§ **Task brief**
Reproduce the whole listing that follows, character for character, and drop the images.

§ **Recorded information**
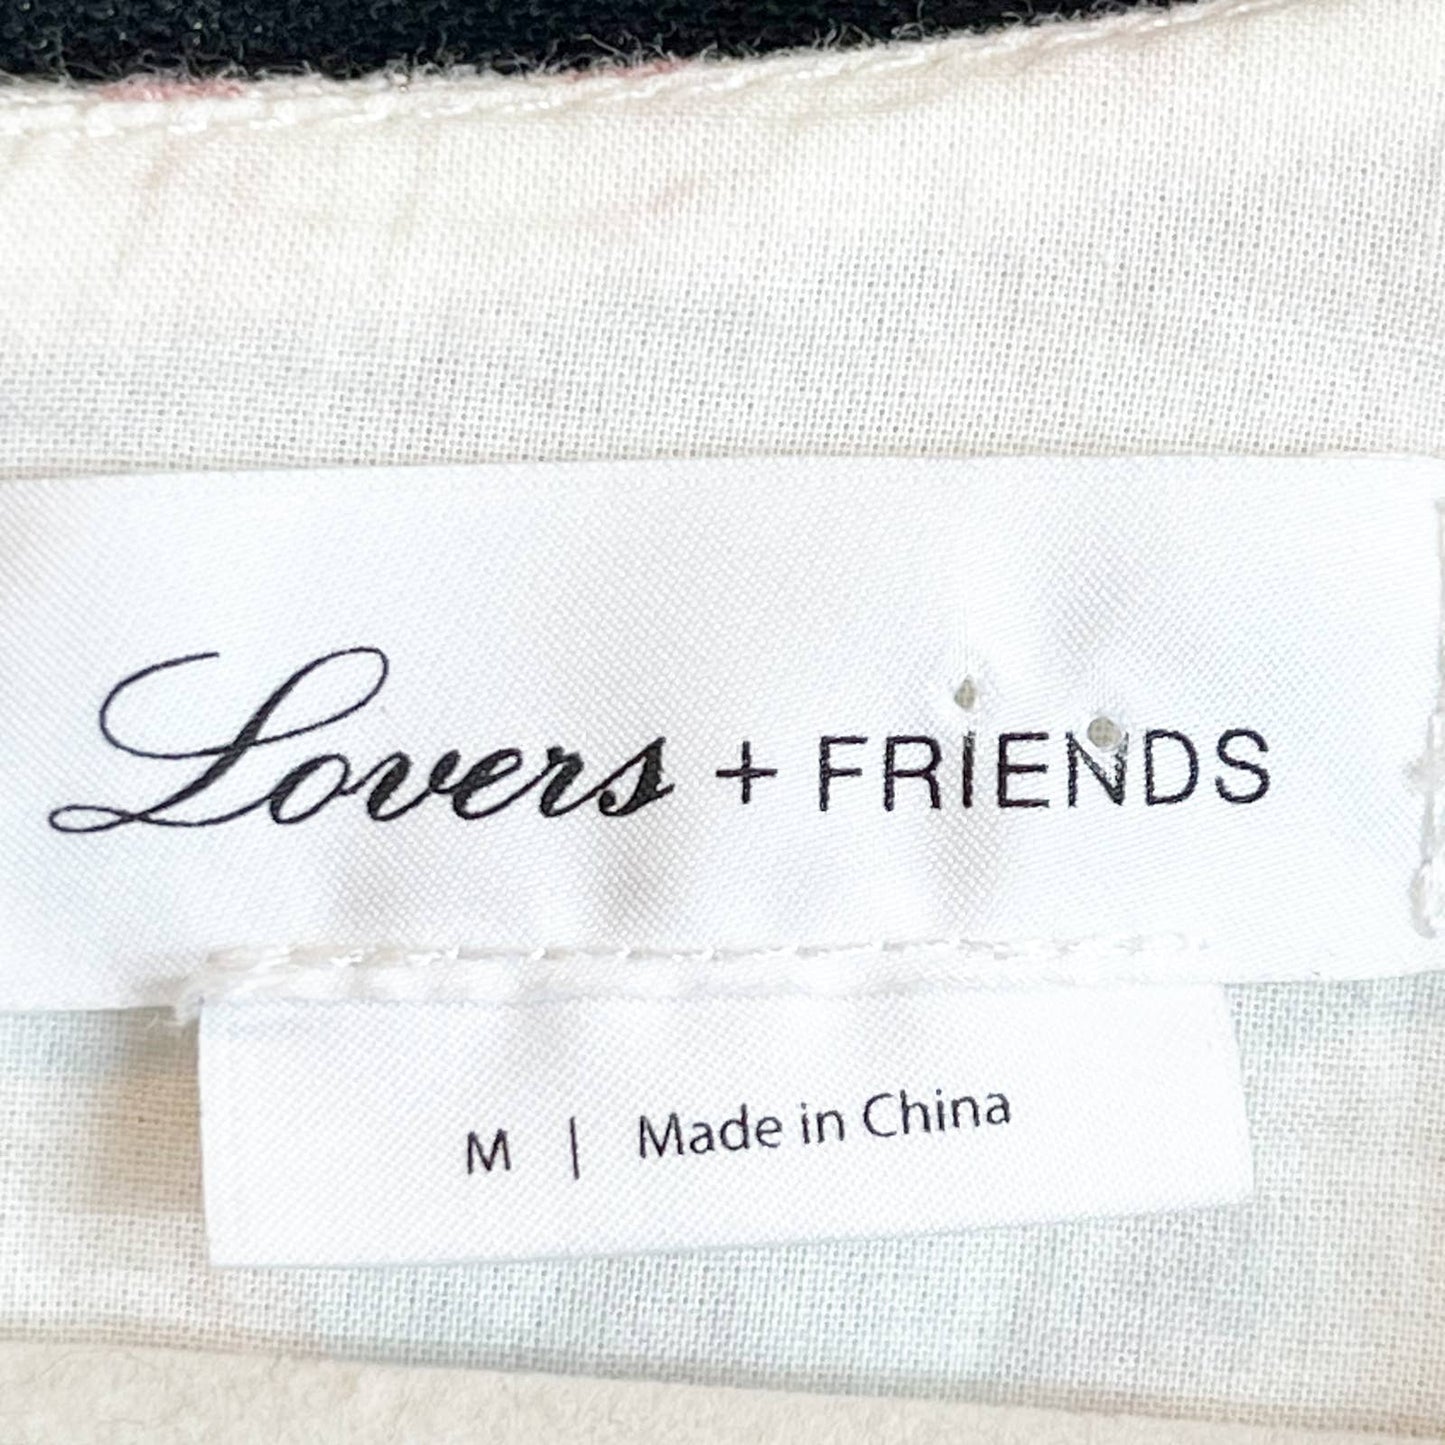 Lovers + Friends Hazen Striped Plunging V-Neck Belted Mini Dress Pink / White M
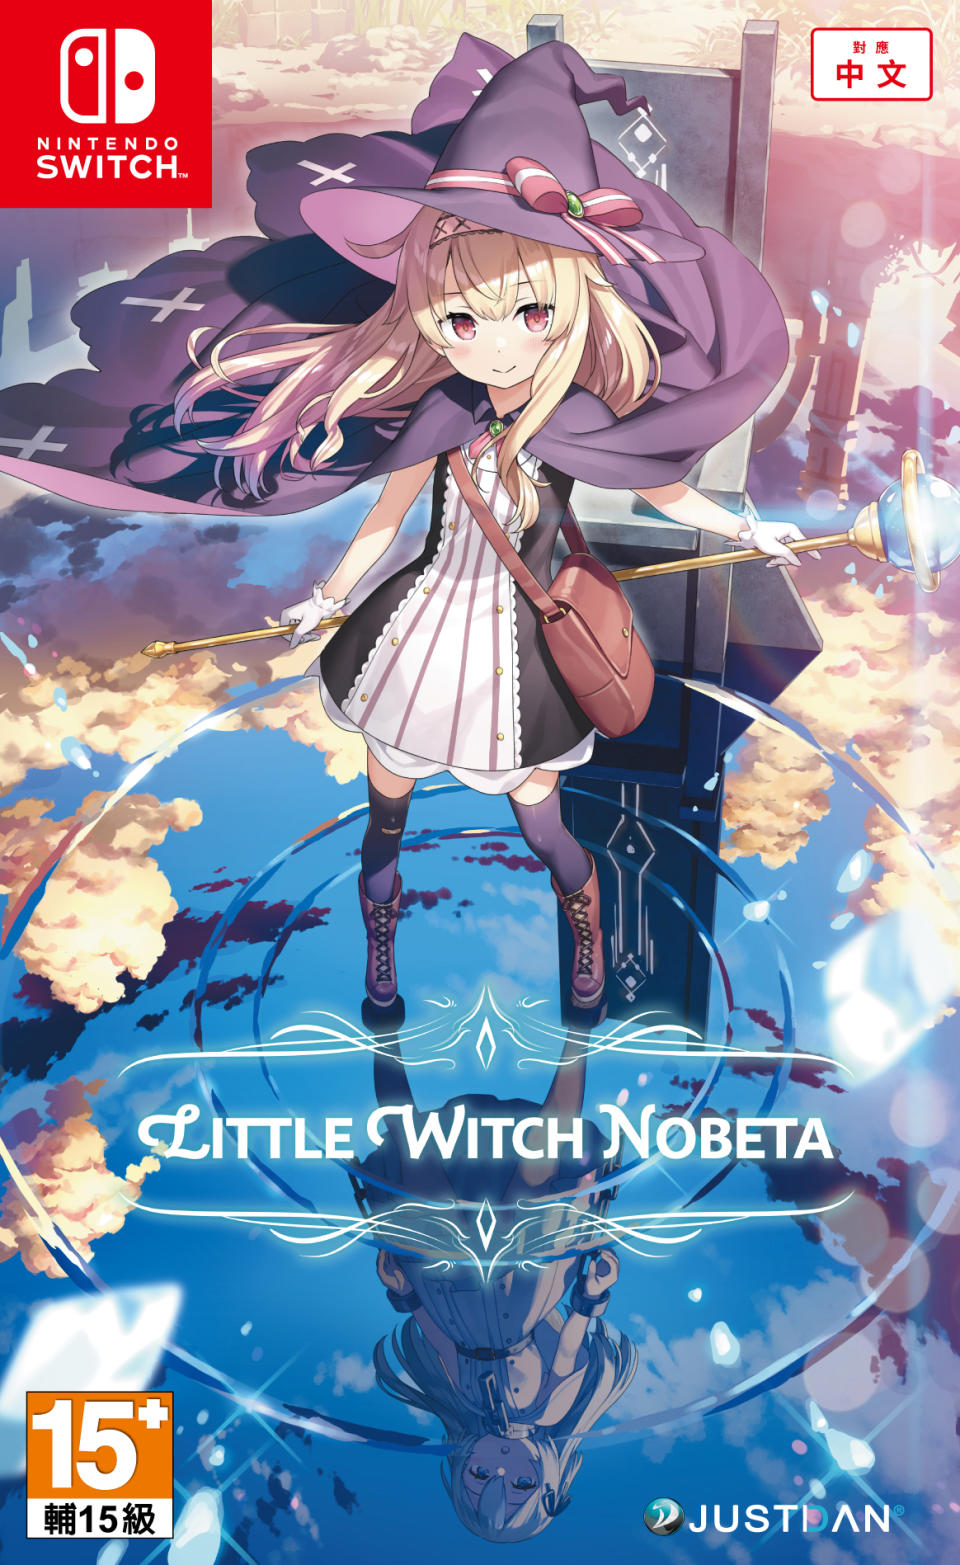 《Little Witch Nobeta》將於9/29發售正式版
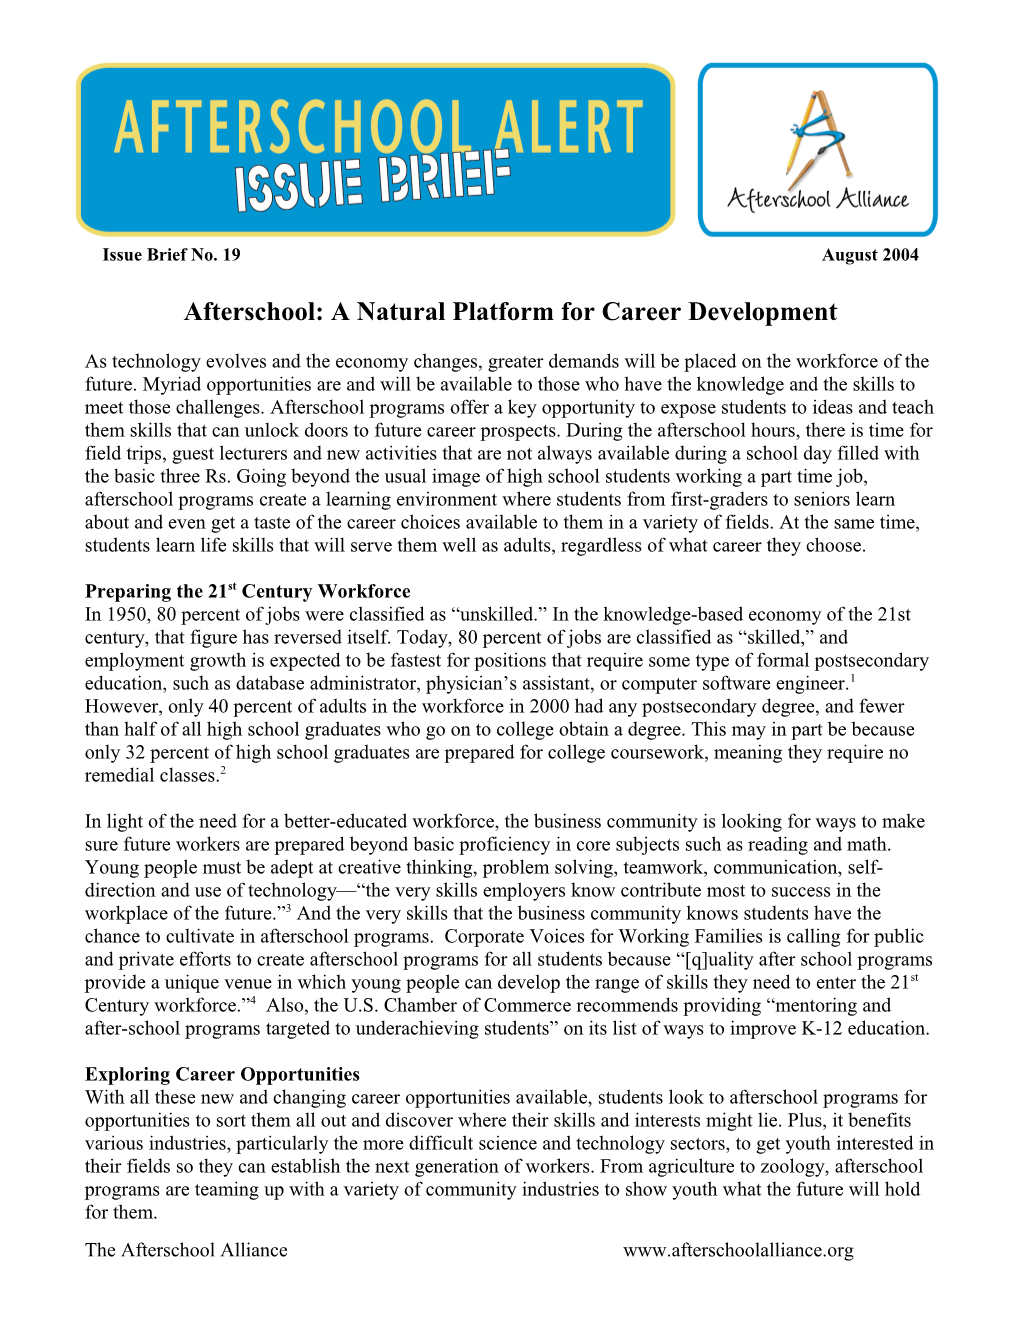 Afterschool Programs and Career Development
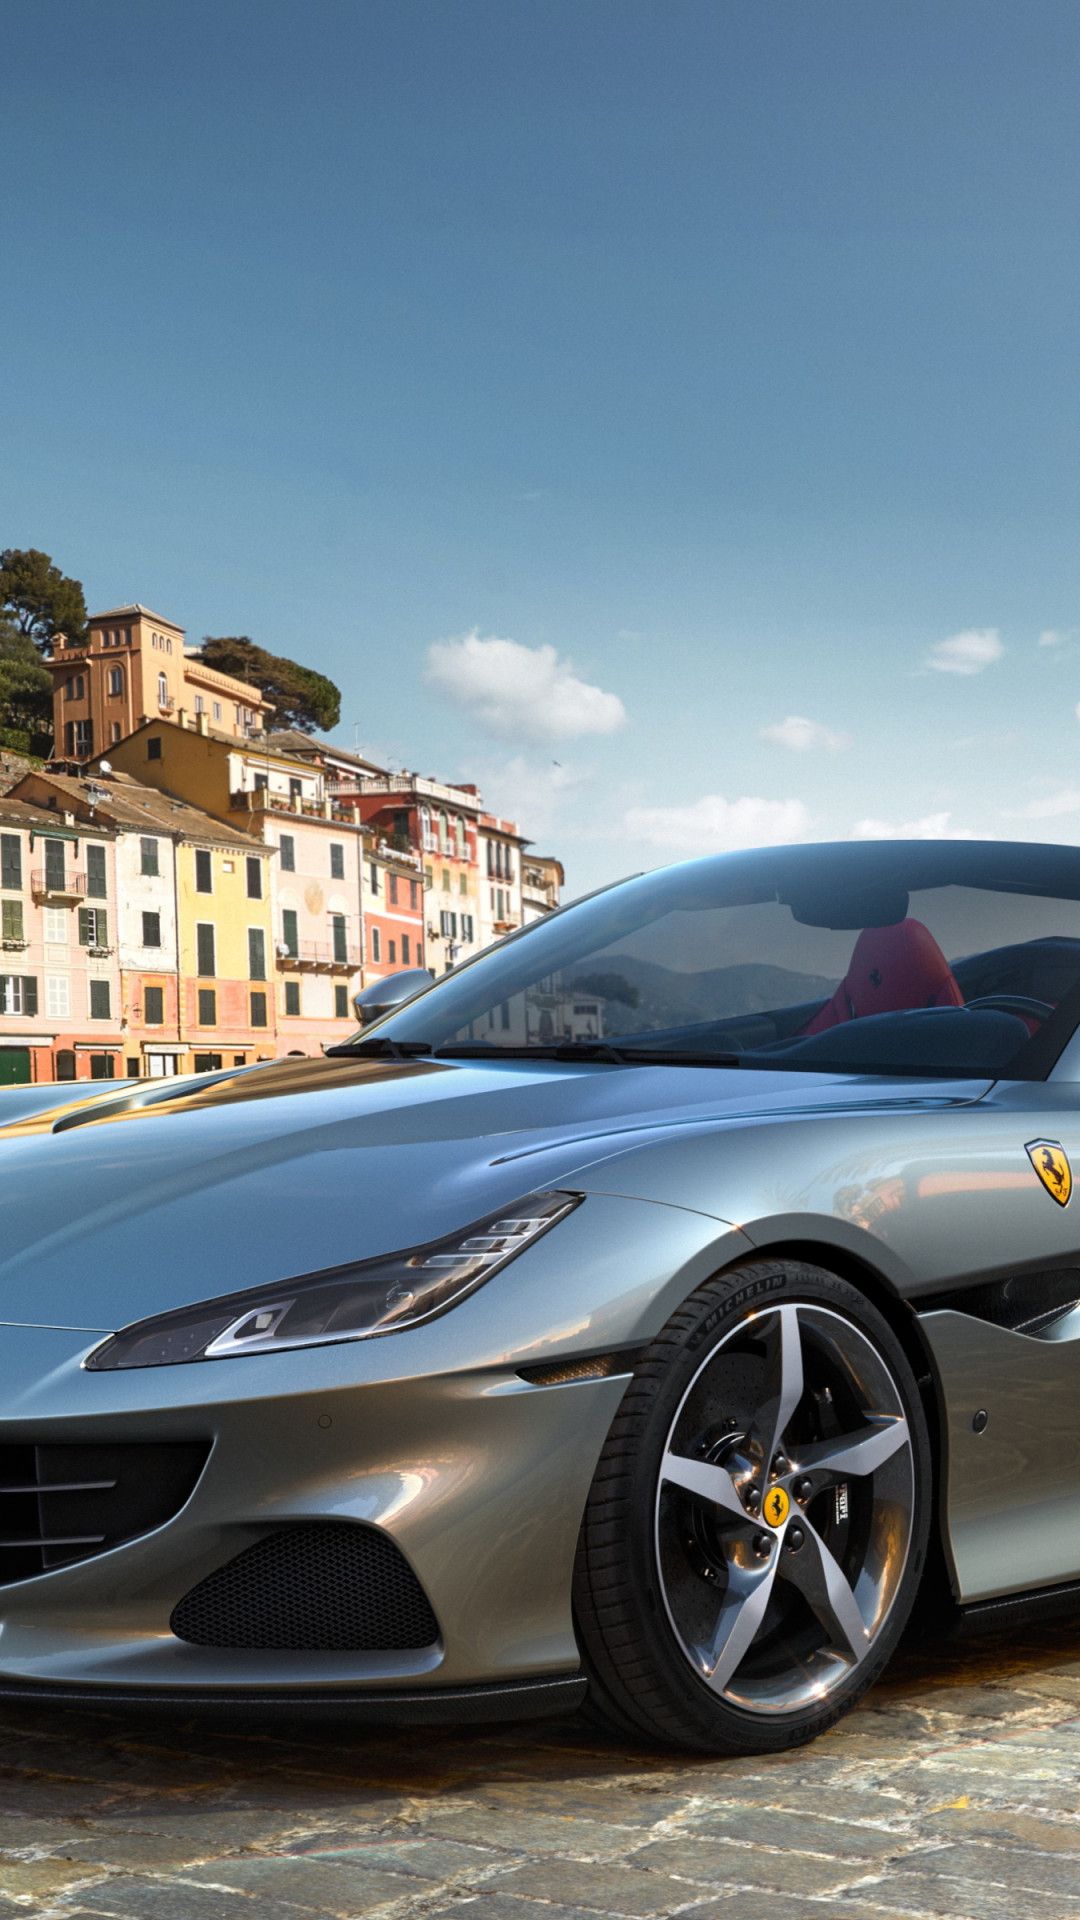 Download wallpaper: Ferrari Portofino M 1080x1920

§ **Solution to this task**
 Lovers + Friends Hazen Striped Plunging V-Neck Belted Mini Dress Pink / White M
 《Little Witch Nobeta》將於9/29發售正式版
 Afterschool Programs and Career Development
 Download wallpaper: Ferrari Portofino M 1080x1920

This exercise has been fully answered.